At the end of the season, Gabriel left the team due to restrictions on the number of foreign players in the Greek Basketball League, with his roster spot being given to veteran NBA center Richaun Holmes.

=== Bayern Munich (2025–2026) ===
On June 28, 2025, Gabriel signed with Bayern Munich of the German Basketball Bundesliga and EuroLeague.

=== Beşiktaş (2026–present) ===
On July 31, 2026, Gabriel signed with Beşiktaş of the Turkish Basketbol Süper Ligi (BSL) and the EuroLeague.

==National team career==
Gabriel joined the South Sudan national team in August 2023, as he was selected in the roster for the 2023 FIBA Basketball World Cup, where South Sudan made their international debut. Gabriel and the South Sudanese team made history for the nation by placing first out of all African nations at the tournament. The team was granted automatic qualification for the 2024 Paris Olympics men's basketball tournament, a first for the team and Gabriel.

==Career statistics==

===NBA===
====Regular season====

| Year | Team | GP | GS | MPG | FG% | 3P% | FT% | RPG | APG | SPG | BPG | PPG |
| 2019–20 | Sacramento | 11 | 0 | 5.6 | .353 | .125 | .600 | .9 | .3 | .3 | .2 | 4.7 |
| Portland | 19 | 1 | 9.1 | .484 | .417 | .750 | 2.2 | .3 | .4 | .3 | 4.7 |
| 2020–21 | New Orleans | 21 | 0 | 11.5 | .400 | .406 | .647 | 2.6 | .5 | .4 | .4 | 3.4 |
| 2021–22 | Brooklyn | 1 | 0 | 1.3 | — | — | — | 1.0 | .0 | .0 | .0 | 6.8 |
| L.A. Clippers | 6 | 0 | 7.7 | .385 | .400 | .500 | 2.3 | .3 | .2 | .3 | 7.1 |
| L.A. Lakers | 19 | 5 | 16.4 | .505 | .261 | .605 | 4.3 | .6 | .2 | .5 | 6.7 |
| 2022–23 | L.A. Lakers | 68 | 2 | 15.1 | .596 | .278 | .619 | 4.2 | .5 | .4 | .5 | 6.7 |
| 2023–24 | Memphis | 5 | 0 | 16.2 | .364 | .167 | .000 | 5.0 | .6 | .4 | .4 | 7.7 |
| Career |  | 150 | 8 | 12.9 | .524 | .311 | .606 | 3.4 | .5 | .4 | .4 | 6.8 |

====Playoffs====

| Year | Team | GP | GS | MPG | FG% | 3P% | FT% | RPG | APG | SPG | BPG | PPG |
|---|---|---|---|---|---|---|---|---|---|---|---|---|
| 2020 | Portland | 4 | 2 | 13.3 | .600 | .400 | .500 | 2.5 | 1.0 | .5 | .5 | 5.3 |
| 2023 | L.A. Lakers | 10 | 0 | 3.7 | .400 | — | .667 | .9 | .0 | .2 | .3 | 1.0 |
| Career |  | 14 | 2 | 6.5 | .520 | .400 | .600 | 1.4 | .3 | .3 | .4 | 2.2 |

===College===

| Year | Team | GP | GS | MPG | FG% | 3P% | FT% | RPG | APG | SPG | BPG | PPG |
|---|---|---|---|---|---|---|---|---|---|---|---|---|
| 2016–17 | Kentucky | 38 | 23 | 17.7 | .405 | .317 | .618 | 4.8 | .7 | .3 | .9 | 4.6 |
| 2017–18 | Kentucky | 37 | 7 | 23.1 | .442 | .396 | .625 | 5.4 | .6 | .8 | 1.1 | 6.8 |
| Career |  | 75 | 30 | 20.3 | .426 | .367 | .622 | 5.1 | .6 | .5 | 1.0 | 5.7 |

==Personal life==
Gabriel was born in Khartoum, Sudan, on March 26, 1997. Because his sister - born a year earlier - had died in infancy, Gabriel was given the name "Wenyen", which means "wipe your tears" in his native Dinka language.
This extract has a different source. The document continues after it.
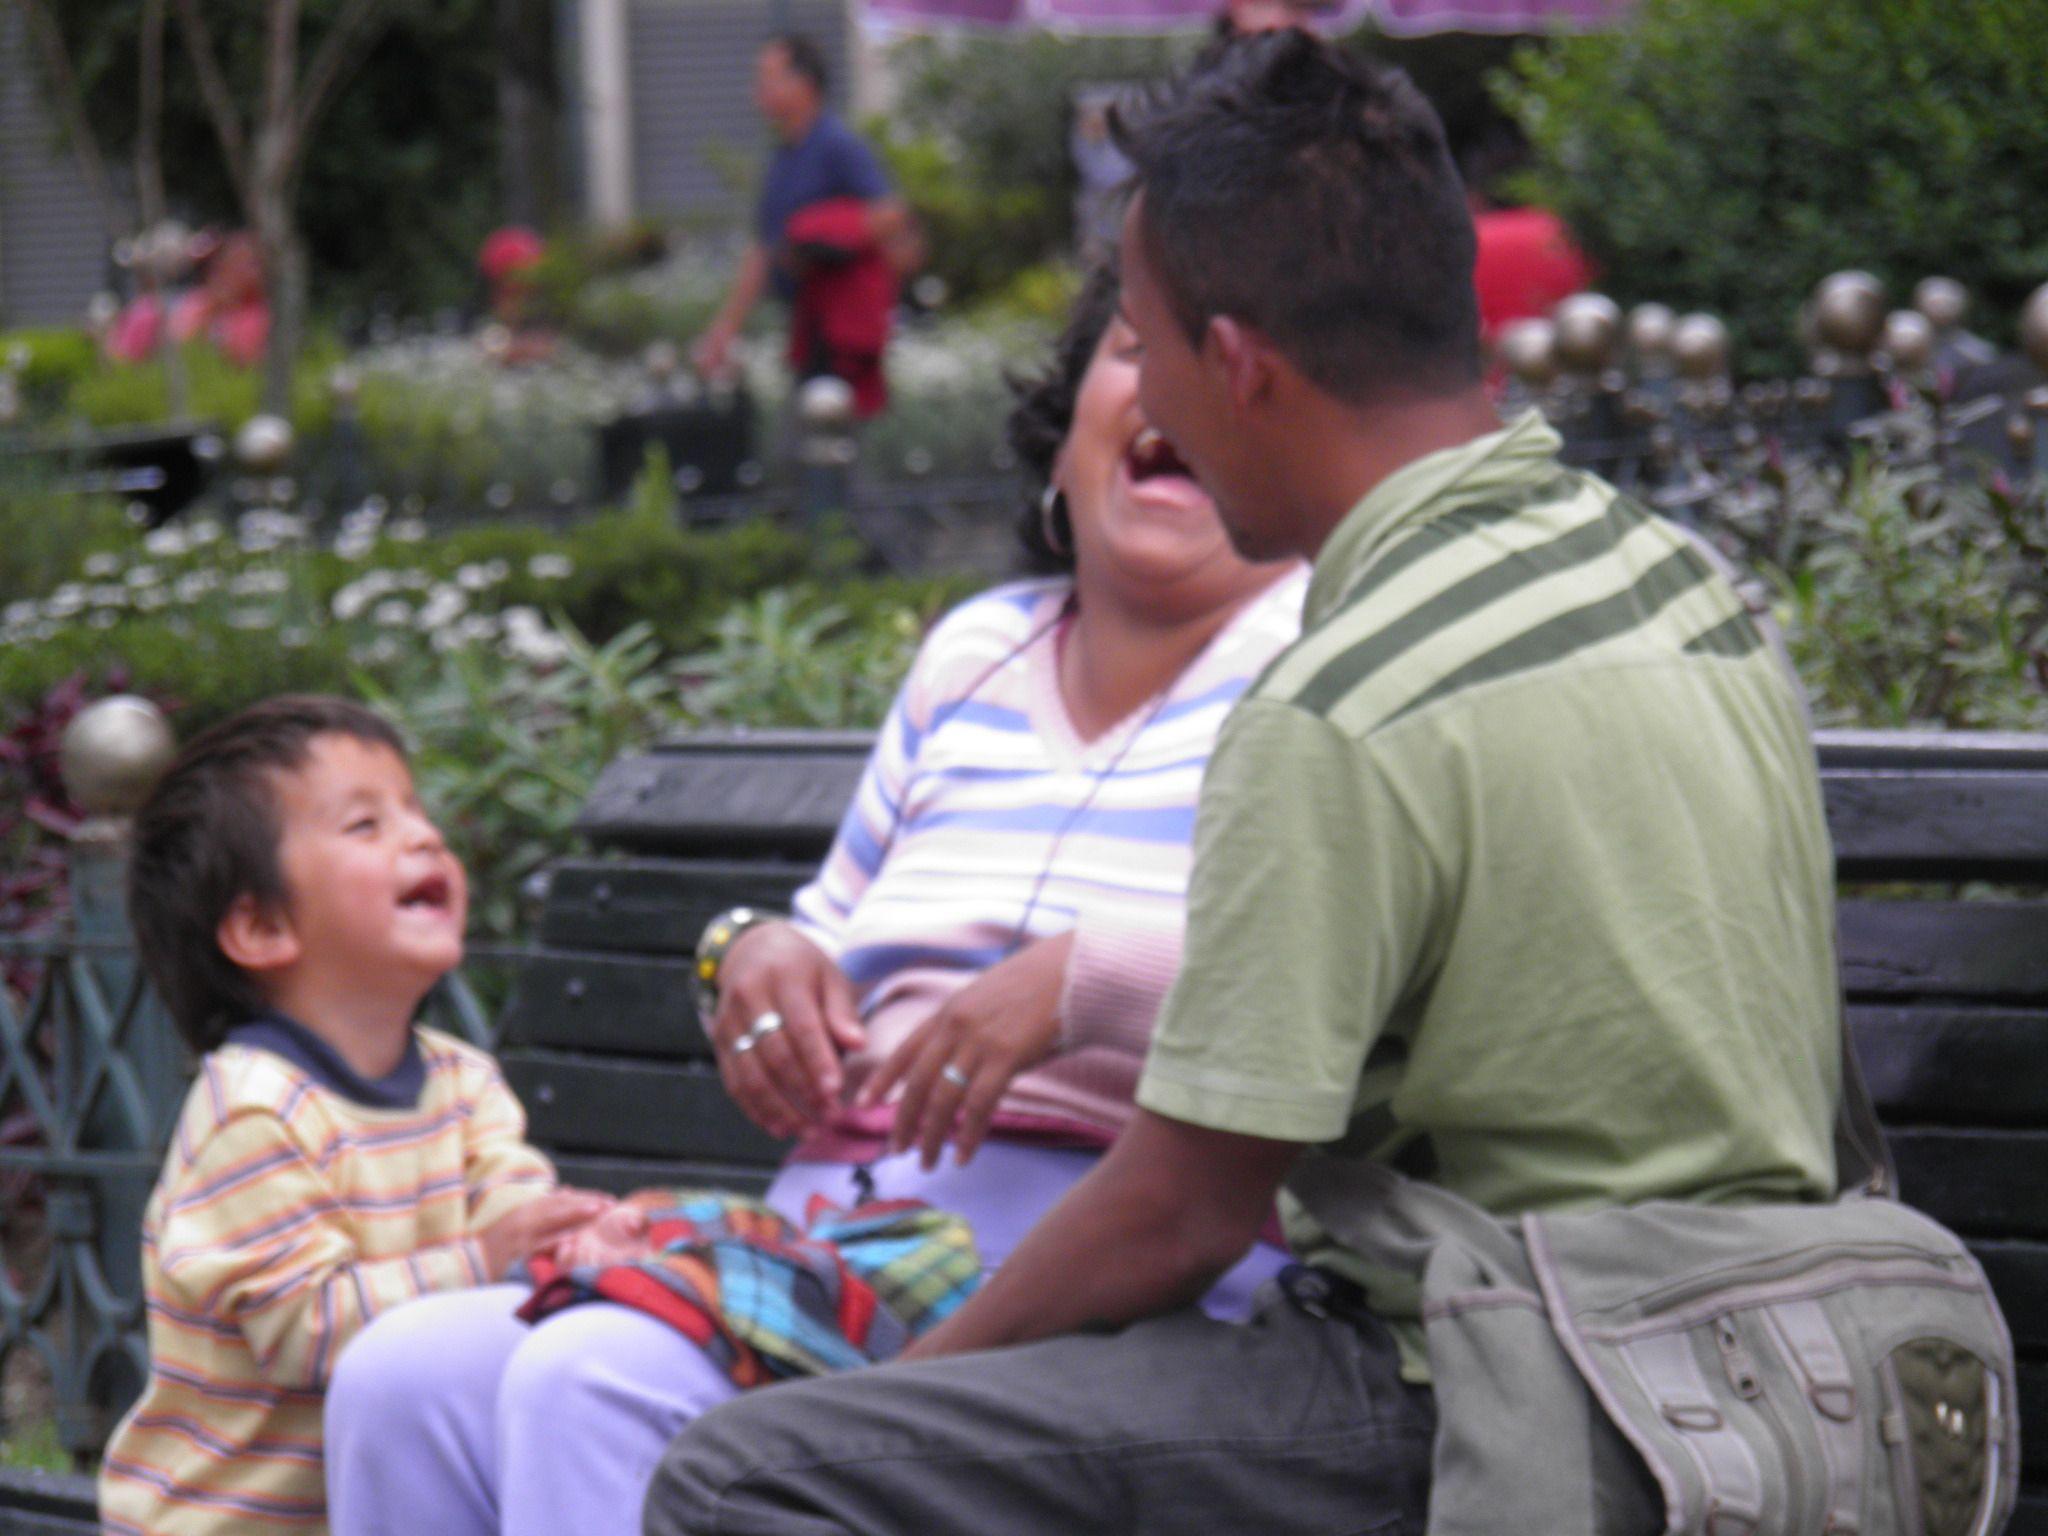 IN CUENCA IT'S FAMILY FAMILY FAMILY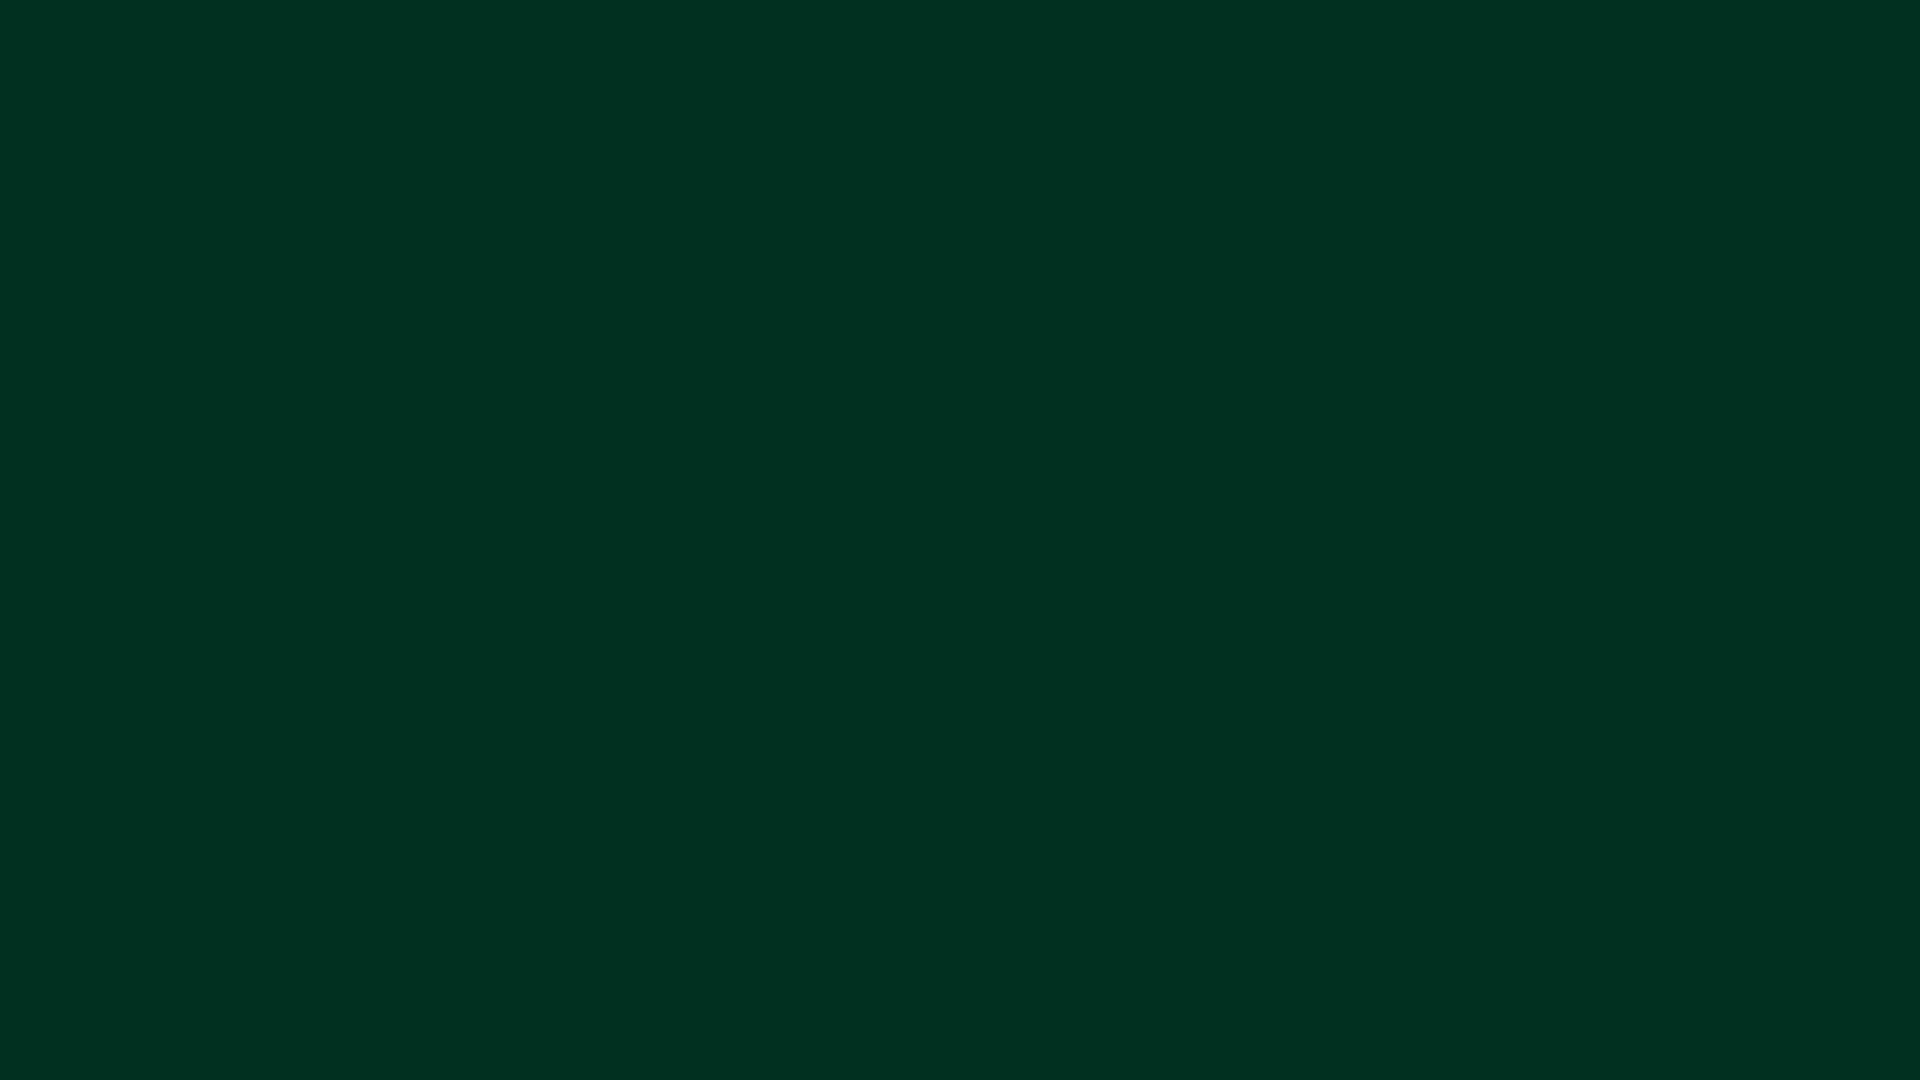 Best Dark Green Wallpaper

Two weeks after he was born, Gabriel's mother, Rebecca Gak, moved with him and his three siblings to Cairo, Egypt to escape the violence of the Second Sudanese Civil War. While Gabriel's mother worked to earn enough money to move his father, Makuac, to Cairo, his seven-year-old brother, Komot, became Gabriel's primary care giver. Two years after moving to Egypt, the United Nations granted an appeal to move the refugee family to Manchester, New Hampshire, an American city with a large South Sudanese population.

Gabriel became a US citizen in 2017 when his parents became citizens. He received his paperwork and passport in 2015, and represented the USA Basketball Junior National Select Team at the 2016 Nike Hoop Summit. In 2016, he said he still considers South Sudan his home.